Wendover is just one of the hundreds of Nanaimoites who have been playing Pokémon Go, a location-based augmented reality game that is available for free on Android and Apple devices. Developed by Niantic Inc., players catch Pokémon by walking around their communities and following an in-game map, which shows players where Pokémon might appear.

The game’s developers established PokéStops, or areas where users have a higher chance of catching Pokémon and performing other features in the game.

PokéStops are typically points of interests such as museums, parks, monuments and historical buildings. Players can also join teams and battle each other at places known as gyms.

Since downloading Pokémon Go, Wendover has walked about three kilometres a day, caught more than 80 Pokémon and met new people of all ages.

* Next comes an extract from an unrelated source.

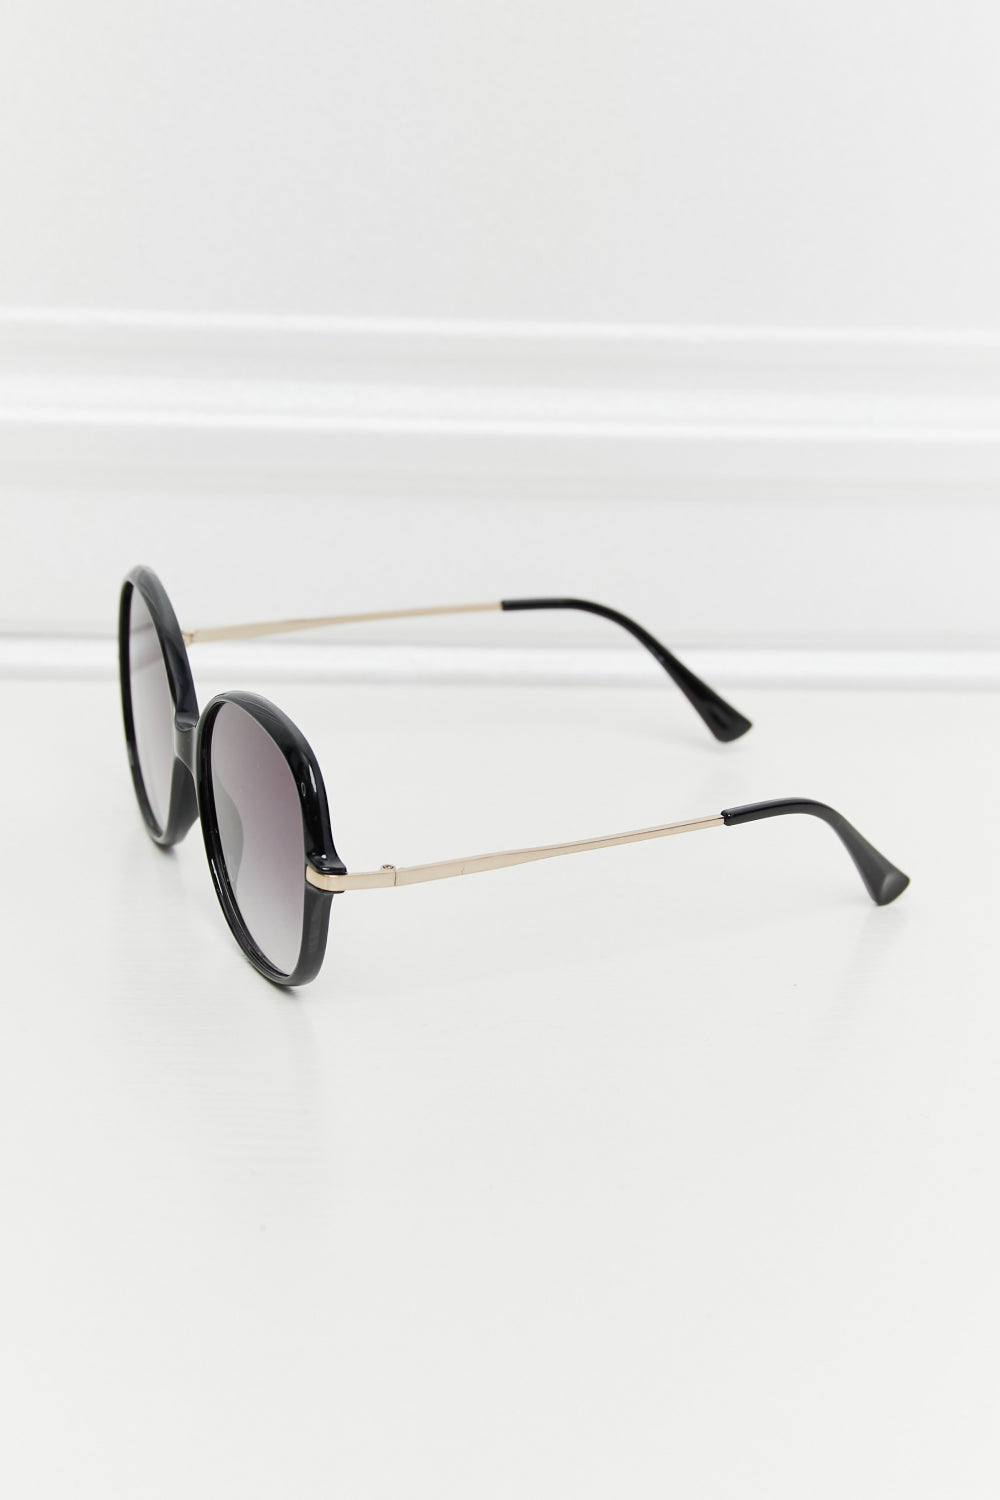 - Metal-Plastic Hybrid Full Rim Sunglasses - 2 colors - Sunglasses at TFC&H Co.

“For me to actually get the Pokémon I want, I actually have to go out and get exercise,” she said. “I’ve actually asked my fiancé that I want to go out of the house and do stuff. It’s great. I’ve met some really good friends so far and that is really awesome.”

The popularity of Pokémon Go has resulted in swaths of people hanging around various landmarks throughout the city including the Frank Ney statue at Maffeo Sutton Park, a popular PokéStop.Story continues below

Local businesses are trying to capitalize on the Pokémon Go craze.

Boston Pizza, in the city’s north end, is a Pokégym and owner Jim Mercier said his restaurant is offering 20 per cent discounts on pizza orders to anyone who shows staff members their Pokémon Go account.

However, the craze around Pokémon Go has left some people confused and angry as swaths of players crowd popular areas and memorials.

Nanaimo resident Jenny Latimer told the News Bulletin that a memorial for her baby son, Kevin, has somehow become a PokéStop.

“I couldn’t believe it,” she said. “I started crying. It was pretty upsetting.”

Kevin Latimer was just a few months short of his second birthday when he died after falling out of a window in Ontario in 2004. To honour him, Latimer had a stained glass memorial installed outside of St. Luke’s Anglican Church in Burlington, Ont.

Latimer is now worried that the memorial will be vandalized or turn into a “circus” as dozens of people show to catch Pokémon.

“I just really wanted it as a sacred place,” she said.

She has since reached out to Niantic Inc., and asked them to remove her son’s memorial as a PokéStop, but has not heard back from them.

“I just wish they had some way of better controlling where these spots are ... I don’t think cemeteries, churches or any place like that is an appropriate place,” Latimer said.